Reorder the array so that all items with values less than the pivot come before the pivot, while all elements with values greater than the pivot come after it (equal values can go either way). After this partitioning, the pivot is in its final position. Recursively sort the sub-list of lesser elements and the sub-list of greater elements. The base case of the recursion are lists of size zero or one, which never need to be sorted.

Same as Merge Sort, Time complexity of Quick Sort is T(n) = 2T(n/2) + O(n) . The master theorem tells us that T(n) = O(n log n).

 


2.3 Can we sort faster? (Part 2)

Theorem 2.2: Any comparison-based algorithm take Ω(n log n) time.

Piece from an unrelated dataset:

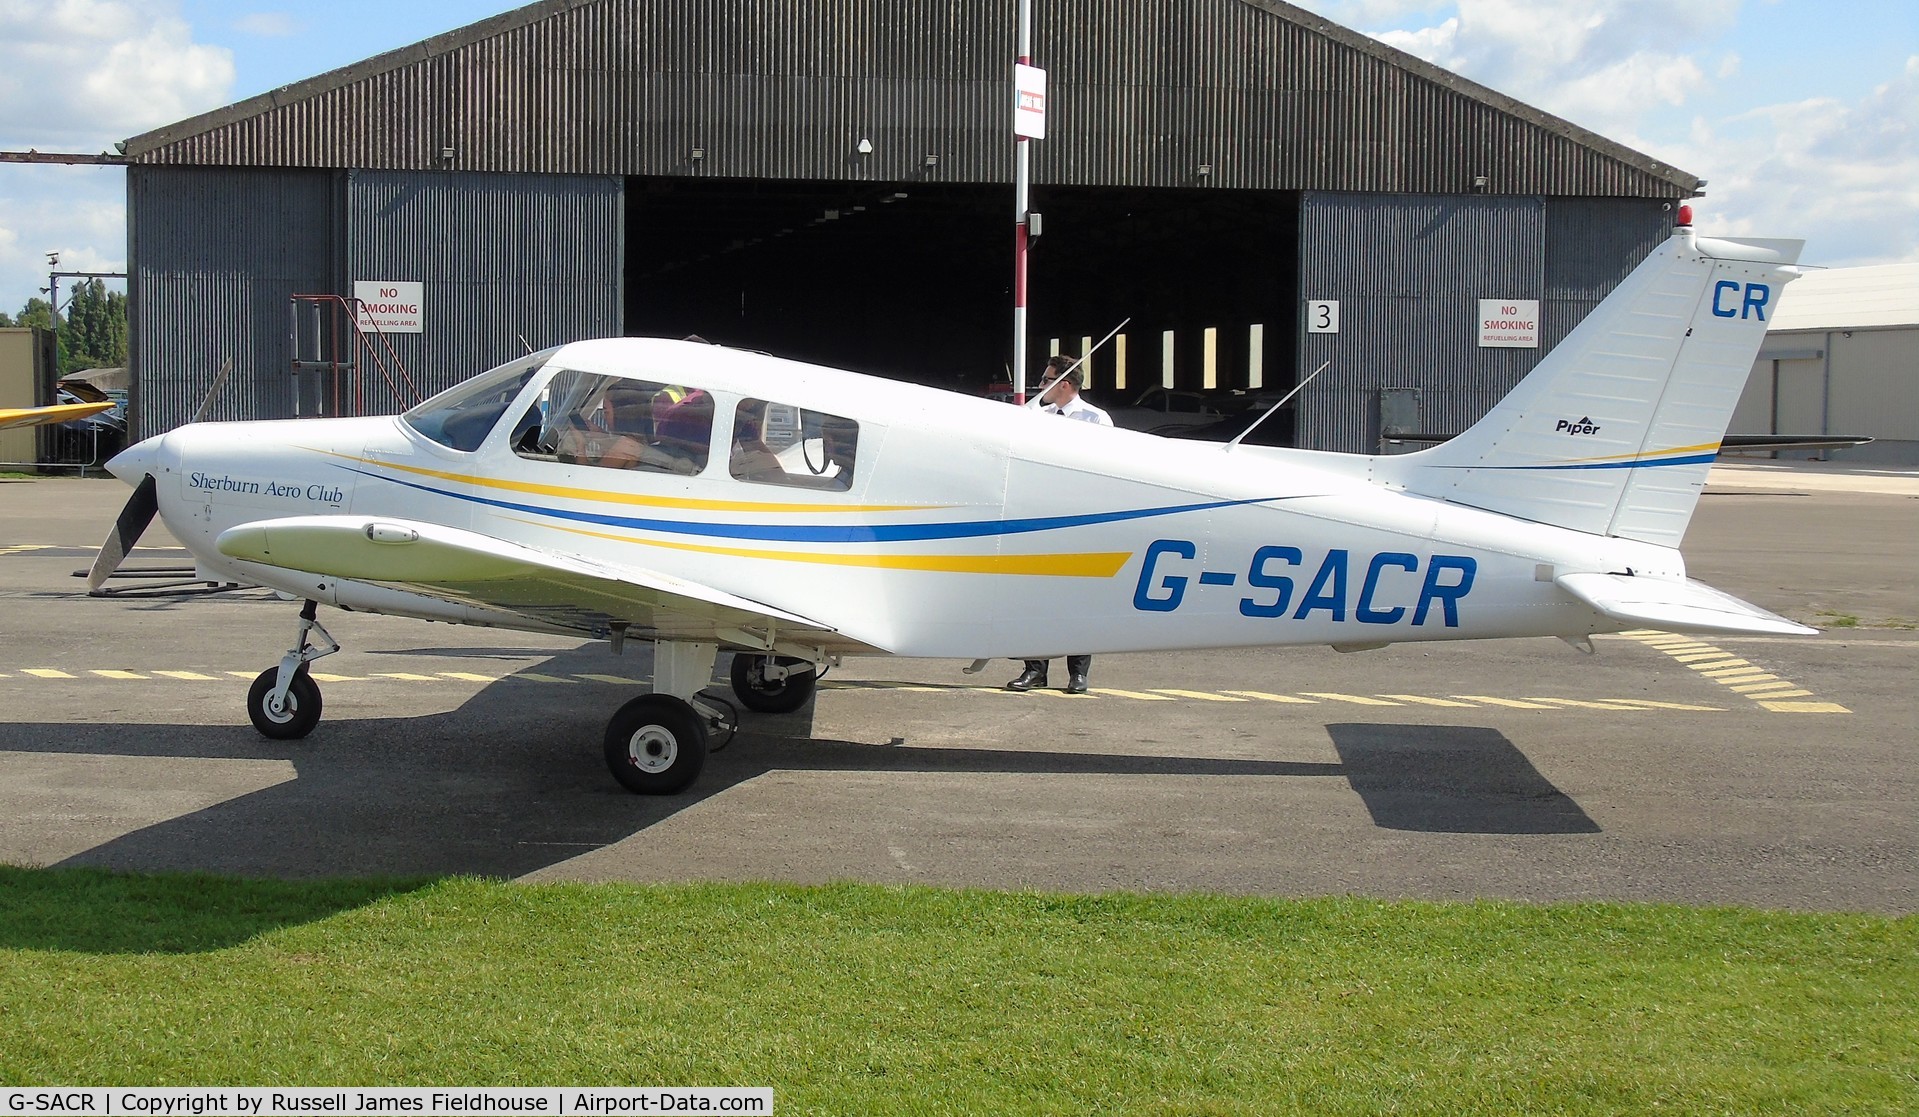 G-SACR, 1988 Piper PA-28-161 Cadet C/N 2841046, taken on 28/08/21 at sherburn

The model that we will use for this proof is a decision tree. The root of the decision tree corresponds to the state of the input of the sorting problem. Each internal node of the decision tree represents such a state, as well as two possible decisions that can be made as a result of examining that state, leading to two new states. The leaf nodes are the final states of the algorithm, which in this case correspond to states where the input array is determined to be sorted. The worst-case running time of an algorithm modelled by a decision tree is the height or depth of that tree.

A sorting algorithm can be thought of as generating some permutation of its input. Since the input can be in any order, every permutation is a possible output. In order for a sorting algorithm to be correct in the general case, it must be possible for that algorithm to generate every possible output. Therefore, in the decision tree representing such an algorithm, there must be one leaf for every one of n! permutations of n input values.

Since each comparison results in one of two responses, the decision tree is a binary tree. A binary tree with n! leaves must have a minimum depth of log2 (n!) . But log2 (n!) has a lower bound of Ω(nlogn) [2]. Thus any general sorting algorithm has the same lower bound.

All the algorithms we presented previously only compare the relative magnitude of two items. We show that any comparison-based algorithm take Ω(n log n) time in the worst case. For Sorting much faster, we will introducte the non-comparison base algorithm.

 

Counting Sort

Counting sort is an integer sorting algorithm for sorting a collection of objects according to keys that are small integers. It counts the number of objects that have each different key value, and using arithmetic on those counts to determine the positions of each key value in the output sequence.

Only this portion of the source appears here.